6 よーいどん
『よいしょっと。』
紅炎様の部屋から文官さん達の所まで書類を運ぶ。
書類だけでなく、巻物も何本かあり、結構たくさんの量だ。
紅炎様の言った通り、半分に分ければよかったかも。
途中に、雑巾で壁を拭いている侍女さんや、お花にお水をやっている侍女さんたちが目に入る。
ここの侍女さんたちは、ほんとうにみんな綺麗な人達ばかりだ。
そういえば、私も少し前まではあのように普通に侍女の仕事をしていたなあと思った。
今は紅炎様のお側に仕えることが多く、普通の仕事ができるのは、一日にほんの少しだったり、全くなかったり。
紅炎様は私をお召しになることが多い。
ちょっとしたこと、例えばこの前のように書庫へ行く時などでも私をお召しになる。
それは、ほんとうにありがたいことなのだと思う。
そんなことをぼーっと考えながら、歩く。
この角を曲がれば、すぐだ。
今日も煌帝国は晴天。気持ちがいい。
「おっ!なまえじゃねーか!」
『神官様!!』
目的地までもうすぐ、というところで名前を呼ばれ、振り返るとぺたぺたと裸足でこっちに来る神官様がいた。
「お前、それすげー量だな。
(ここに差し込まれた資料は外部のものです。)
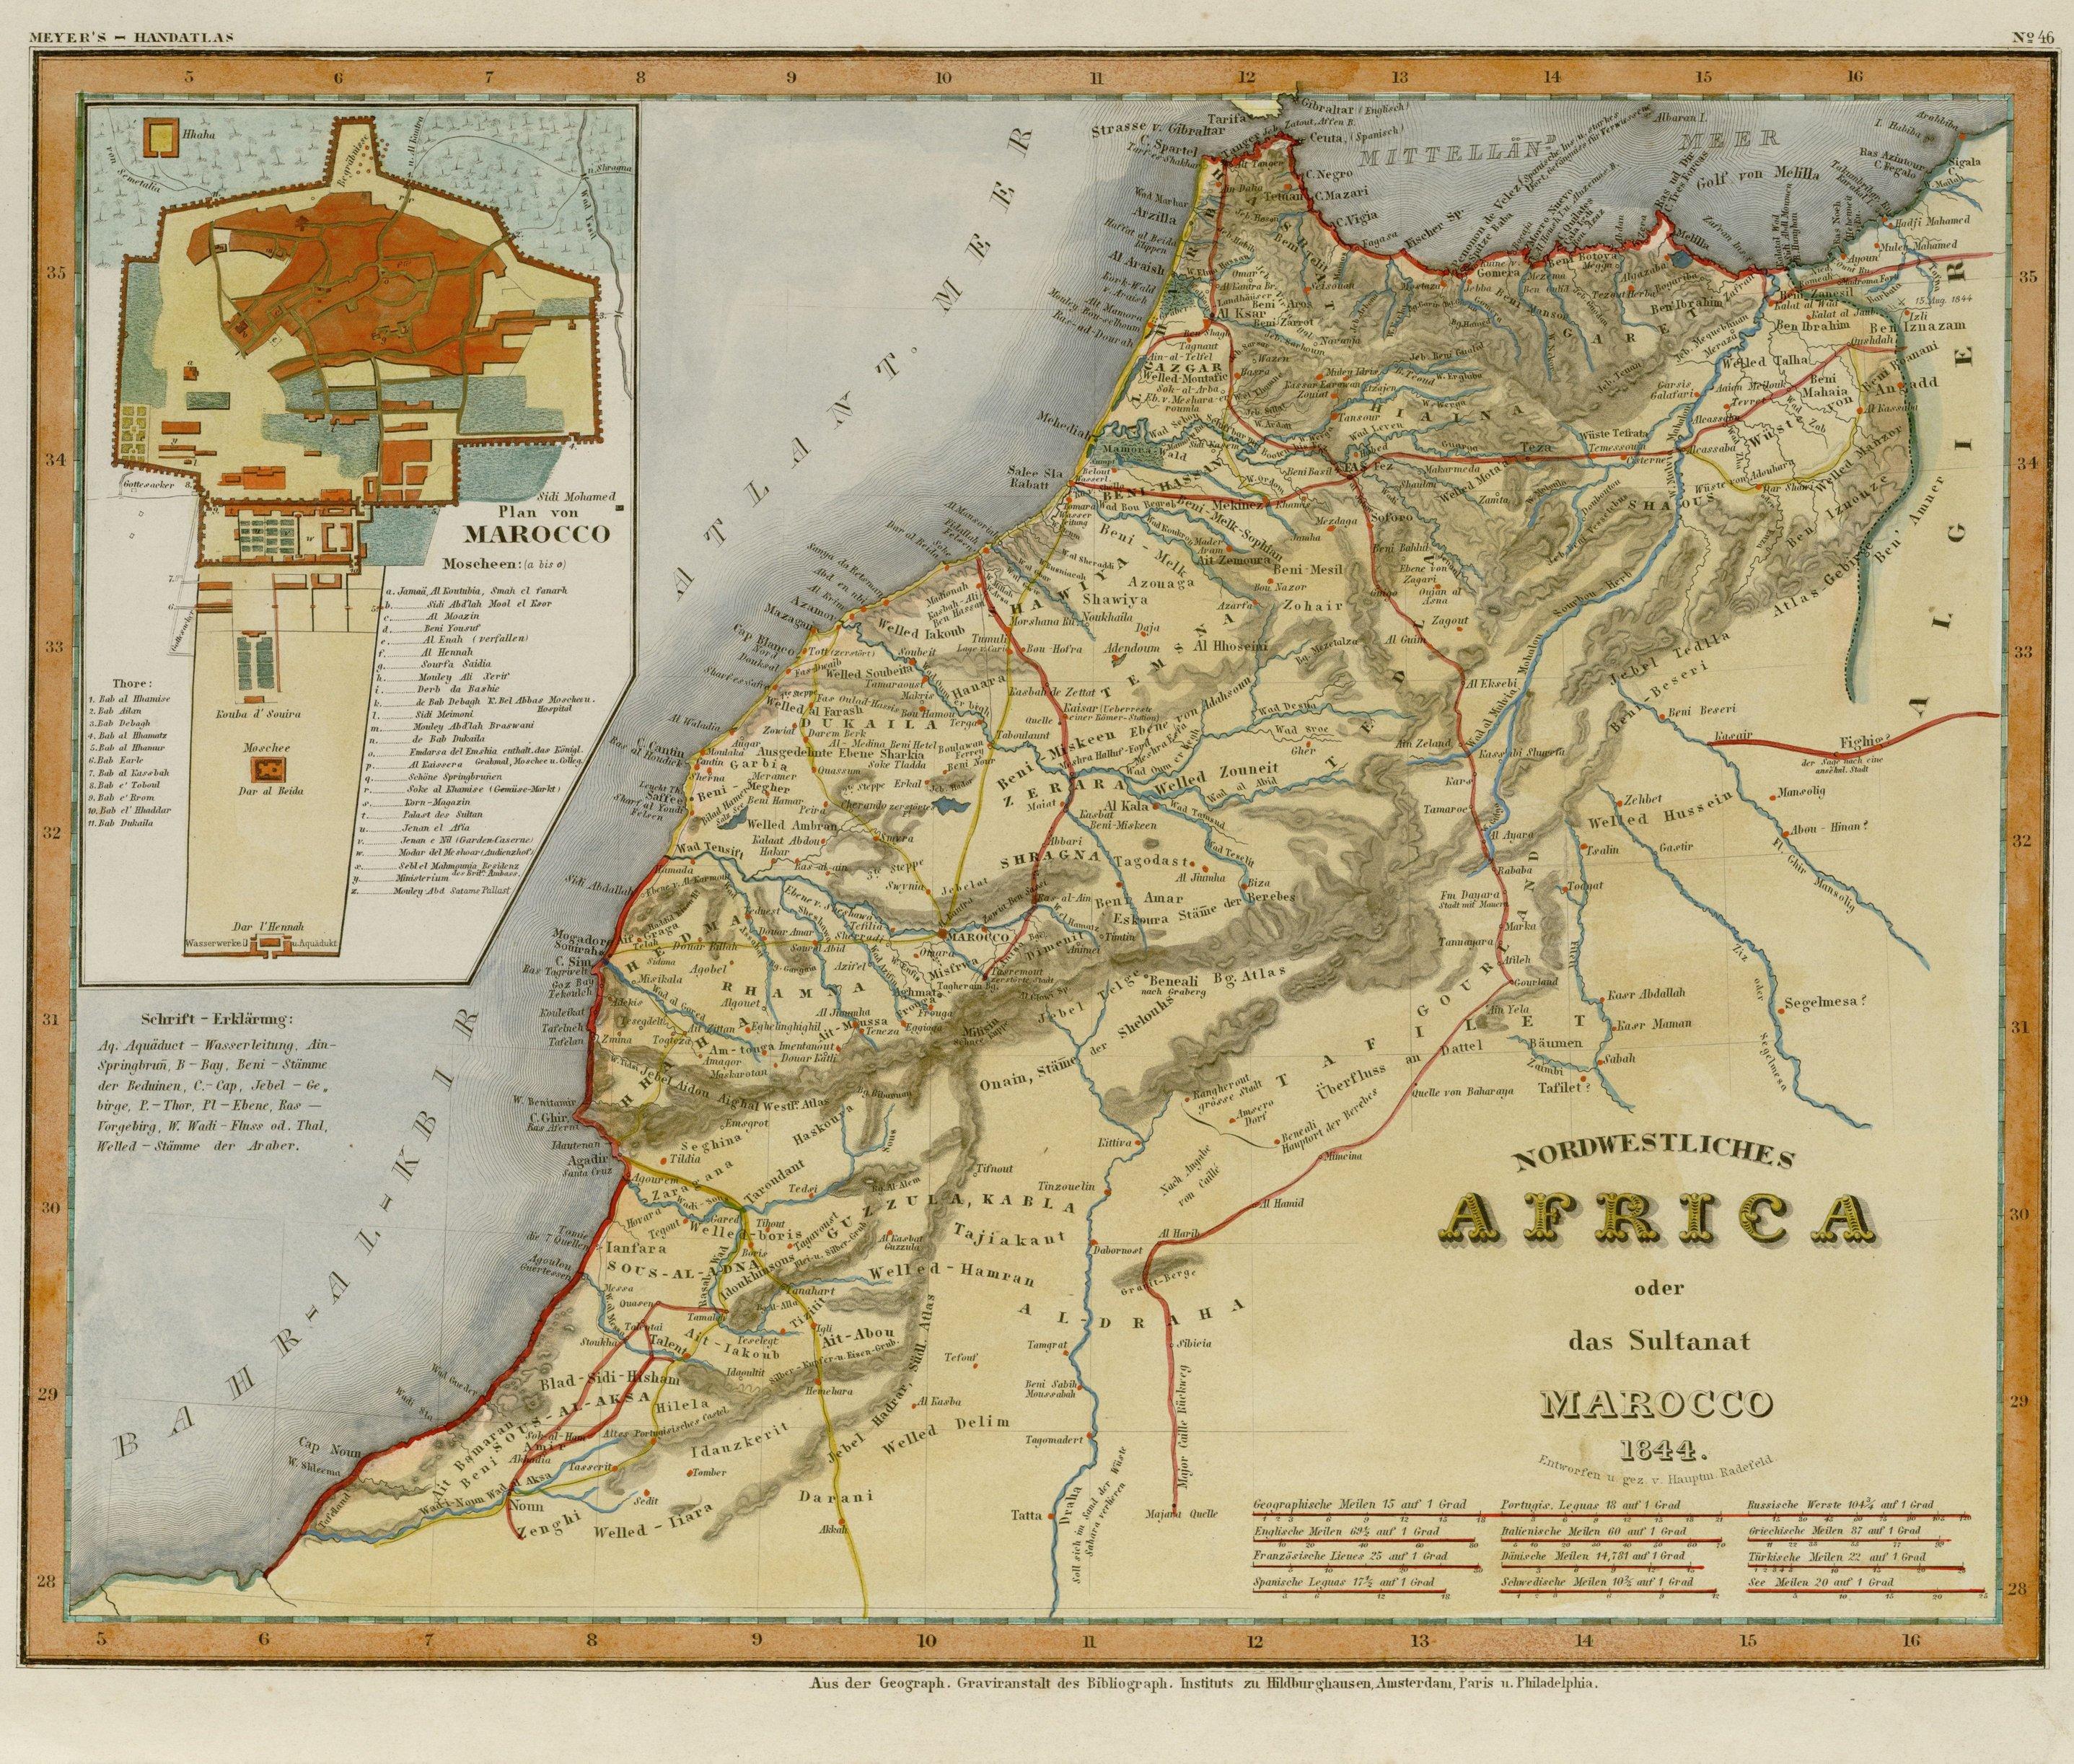 carte Allemande du Maroc

重くねぇの?」
神官様は私が持つ書類達を指差して言った。
『大丈夫です!私、力あるんで!』
そう言ってその場で一周回ると、怪力女か!と言われた。違うわ。
神官様は私と歳が近いせいか親しく接してくださる。
そのまま2人で話しながら書類たちを提出した。
「あー、ほんとお前っておもしれーな!」
『なんですかそれ、バカにしてます?』
2人してケラケラと笑う。
神官様とのお話はいつも楽しい。
「てか、お前、そんなに力あんなら武官になれよ!」
『は?いや、無理に決まってるじゃないですか!』
「そうか?よし、なら腕相撲だ!」
は?
どの流れでそうなったのか本当によくわからないのだが、楽しそうにはしゃぐ神官様の後ろについて行き、中庭へと行く。
綺麗に手入れされた中庭の真ん中にある机と4つの椅子に、対面になるように座れと言われた。
『え、いや、これほんとにやるんですか?』
「あぁ!」
神官様は楽しそうだ。
ほんとうに子どもみたい。
『腕、折っちゃっても知りませんよ?』
それなら私も、と腕まくりをし、少し子供のようにはしゃいでみた。
「なまえ怪力だもんなー、こえー」
『か、怪力じゃないです!』
そんな私たちを、近くにいた従者さんたちがおもしろそうに見ていた。
「よし、やるぞ!」
『はい!』
そう言って、手を組む。
神官様の手は、大きくて男の子の手だなと思った。
だんだんと、ギャラリーの人も増えたような気もする。
もしかしたら後で先輩に怒られるかもと思ったが、まあいい。
「よーい、はじめっ!!」
侍女さんの声で腕相撲が始まる。
『うっ…!』
「おー、つえーな。」
神官様はやっぱりかなり余裕なようだ。
当たり前か。
涼しい顔の神官様を見ると、なんだか悔しくなって腕に集中する。
勝てるわけないのに、勝ちたいなんて思うのは悪いことなのだろうか。
相変わらず楽しそうに、おーとかつよいなーとか言っている神官様の声も気にならないほど、集中してしまっていた。
「なまえ、やっぱ、お前強いぞ!
な?紅炎!」
『はっ!?』
神官様が発した言葉に、ぷっつんと切れた集中力。
神官様の手により、力の抜け切った私の手の甲は机にぱんとついてしまった。
少し手の甲が痛い。
しかし、そんなこと言っている場合ではない。
腕に集中しすぎて、周りが本当に見えなくなっていた。
いや、だからといって、まさか、そんな。
恐る恐る、後ろを振り返ると、あろうことか無表情の紅炎様と目が合った。